Crawling NY Times API for relevant Articles

Ash
4 min readMay 10, 2021

This is one of my first web crawler, filtered to query articles on AWS security and export it to excel file for me to review.

In order to access NY Times API, you need to create account with NYT to use their API.

https://developer.nytimes.com/

Second, need to activate your App on NYT portal, and this will allow you to get API key and secret code. You will only need API key for this program.

Then, you need to activate API’s on this app.

Don’t forget to click save to activate these changes.

Now you can start in python IDE, I am using spyder you can use any other. You will need following libraries.

import requests
from pprint import pprint
import pandas as pd

You can use save your API under environment variables or assign it to a variable.
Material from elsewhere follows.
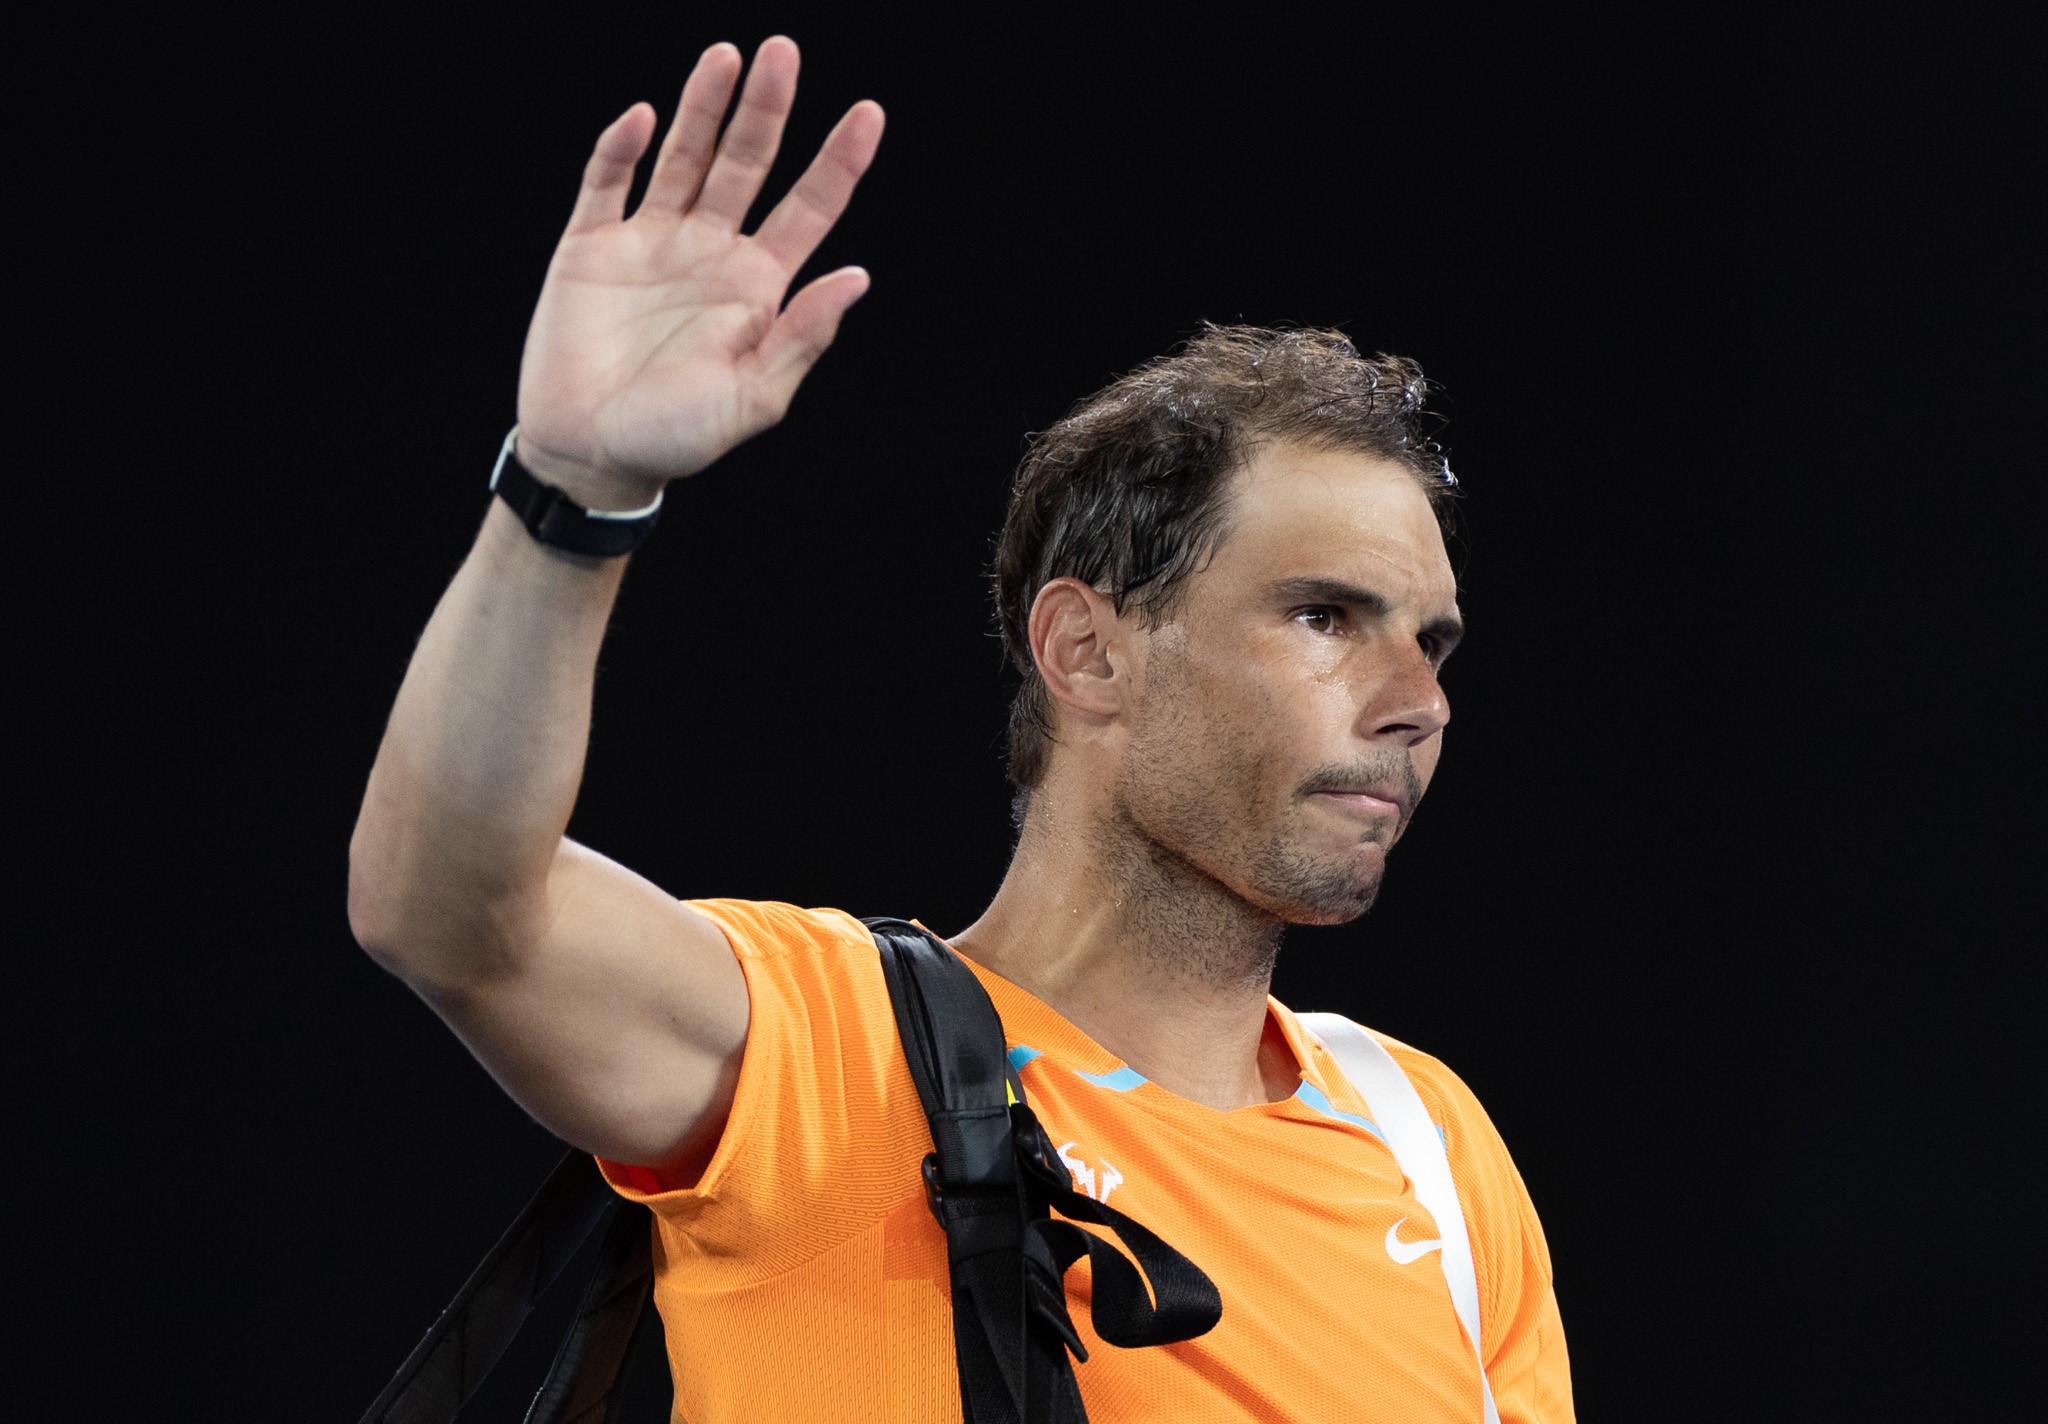 Rafael Nadal of Spain waves to spectators after the men's singles 2nd round match against Mackenzie McDonald of the United States at Australian Open tennis tournament in Melbourne, Australia, on Jan. 18, 2023. (Photo by Hu Jingchen/Xinhua via Getty Images)
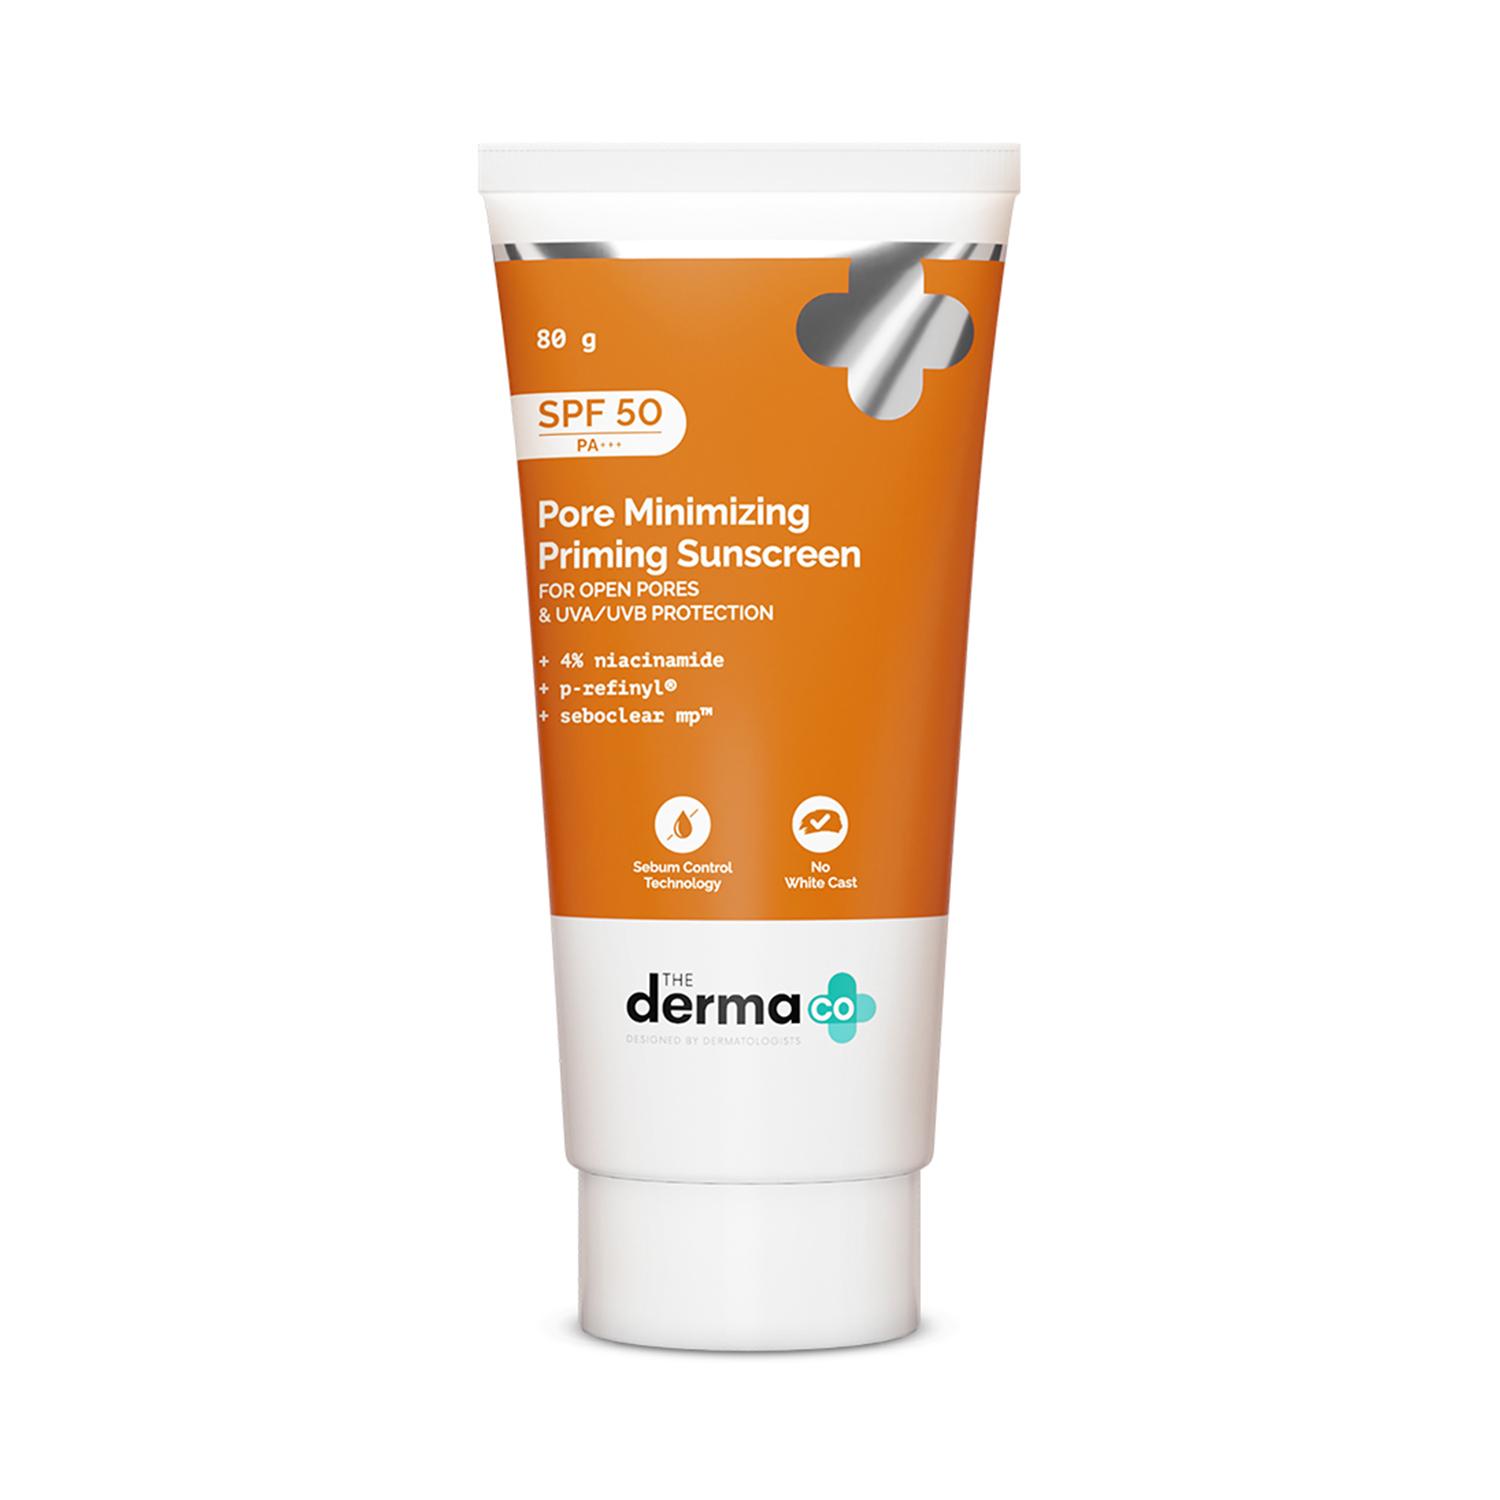 The Derma Co | The Derma Co Pore Minimizing Priming Sunscreen with SPF 50 & PA+++ For Open Pores  (80 g)

apikey = os.getenv('NYTIMESAPIKEY')
or
apikey = 'XCCM...'

You can use, API syntax to query for your articles. More here

https://developer.nytimes.com/docs/articlesearch-product/1/overview

https://api.nytimes.com/svc/search/v2/articlesearch.json?q=election&api-key=yourkey

NYT API provides numerous filters to filter on, under Filter Query Fields. It also lists values for following filters:

  1. Type of Material Values
  2. Section Name Values
  3. New Desk Values

These filters follow filter_name: (“value”) format and you can use AND and OR to add multiple filters to your query.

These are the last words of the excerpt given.